Ammetto che le mie frequentazioni con la fantascienza sono piuttosto occasionali, però ogni tanto un bel libro me lo leggo volentieri.
Arthur C. Clarke (1917-2008), anzi sir Arthur, è ovviamente l'autore del romanzo che sta alla base di 2001: Odissea nello spazio, oltre che co-autore della sceneggiatura del film. Ma Clarke fu anche molto altro: autore di moltissimi libri di sci-fi (insieme a Heinlein e Asimov, è considerato uno dei maestri del genere), divulgatore scientifico sulla stampa e in TV, esploratore subacqueo, nonché laureato in matematica e fisica e, durante la II Guerra Mondiale, uno dei primi ad usare i nuovi radar antiaerei. Passò gli ultimi anni della sua vita in Sri Lanka, dedicandosi alla sua passione per le immersioni, e provate a chiamarlo scemo...
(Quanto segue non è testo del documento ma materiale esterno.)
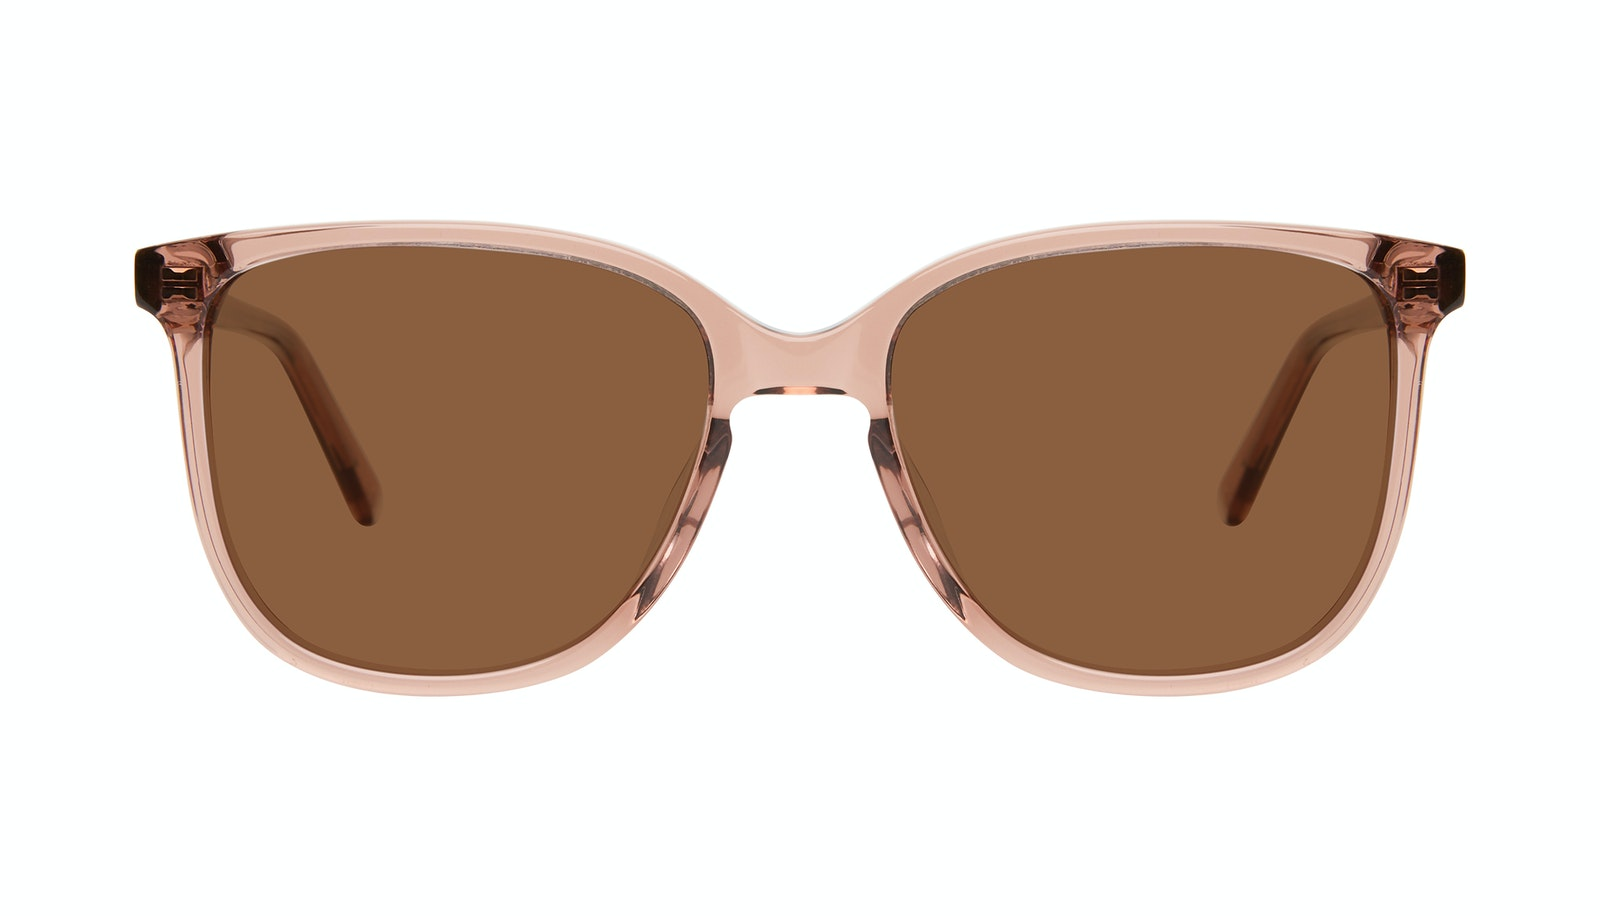 Affordable Fashion Glasses Square Sunglasses Women Lead Rose

Ora, il mio problema con la fantascienza è che spesso suona irrimediabilmente datata: astronavi su cui non c'è traccia di computer, mondi futuribili sui quali si comunica via radio e telegrafo, calcolatori che funzionano a valvole, costumi anni Settanta, e così via.
Qui, Clarke riesce invece nell'impresa di costruire un romanzo di fantascienza perfettamente verosimile, che immagina le difficoltà dei primi coloni impegnati a rendere abitabile il pianeta Marte. Per tutto il testo, non ci sono quasi elementi spettacolari: niente duelli stellari, niente dischi volanti, niente alieni con le antennine verdi (i marziani in realtà ci sono, ma sono molto diversi da come li si immagina di solito), niente eroi in tute scintillanti. Piuttosto, descrizioni di laboratori, sistemi di produzione dell'ossigeno, cupole isolanti, respiratori, fuoristrada.
In effetti, un plot romanzesco c'è: la storia di uno scrittore di fantascienza, inviato su Marte per realizzare un reportage, e che lì troverà un nuovo senso per la sua vita e anche l'occasione per rimediare ad alcuni errori del passato. E poi c'è una sottotrama di fantapolitica: ma anche lì niente di epico o di mozzafiato.
Come tutto ciò risulti in un romanzo interessante e a tratti persino avvincente, lo si deve ovviamente alla penna di Clarke. Lettura estiva più che gradevole.
1 commento:
Neanch'io sono un appassionato della fantascienza, per la ragione che dici tu e anche perché romanzi e racconti di fantascienza si limitano spesso all'ingegnosità della 'trovata' senza o quasi elaborazione letteraria; del resto, i loro lettori non sembra chiedano di più. È diverso il caso del cinema di fantascienza, che è sempre stato ambito di elaborazione e sperimentazione linguistica.
Infine, Sergio!!!, devo ricordare perfino a te che i libri non si traducono da soli? ;-)
Questo è stato tradotto da Maria Gallone.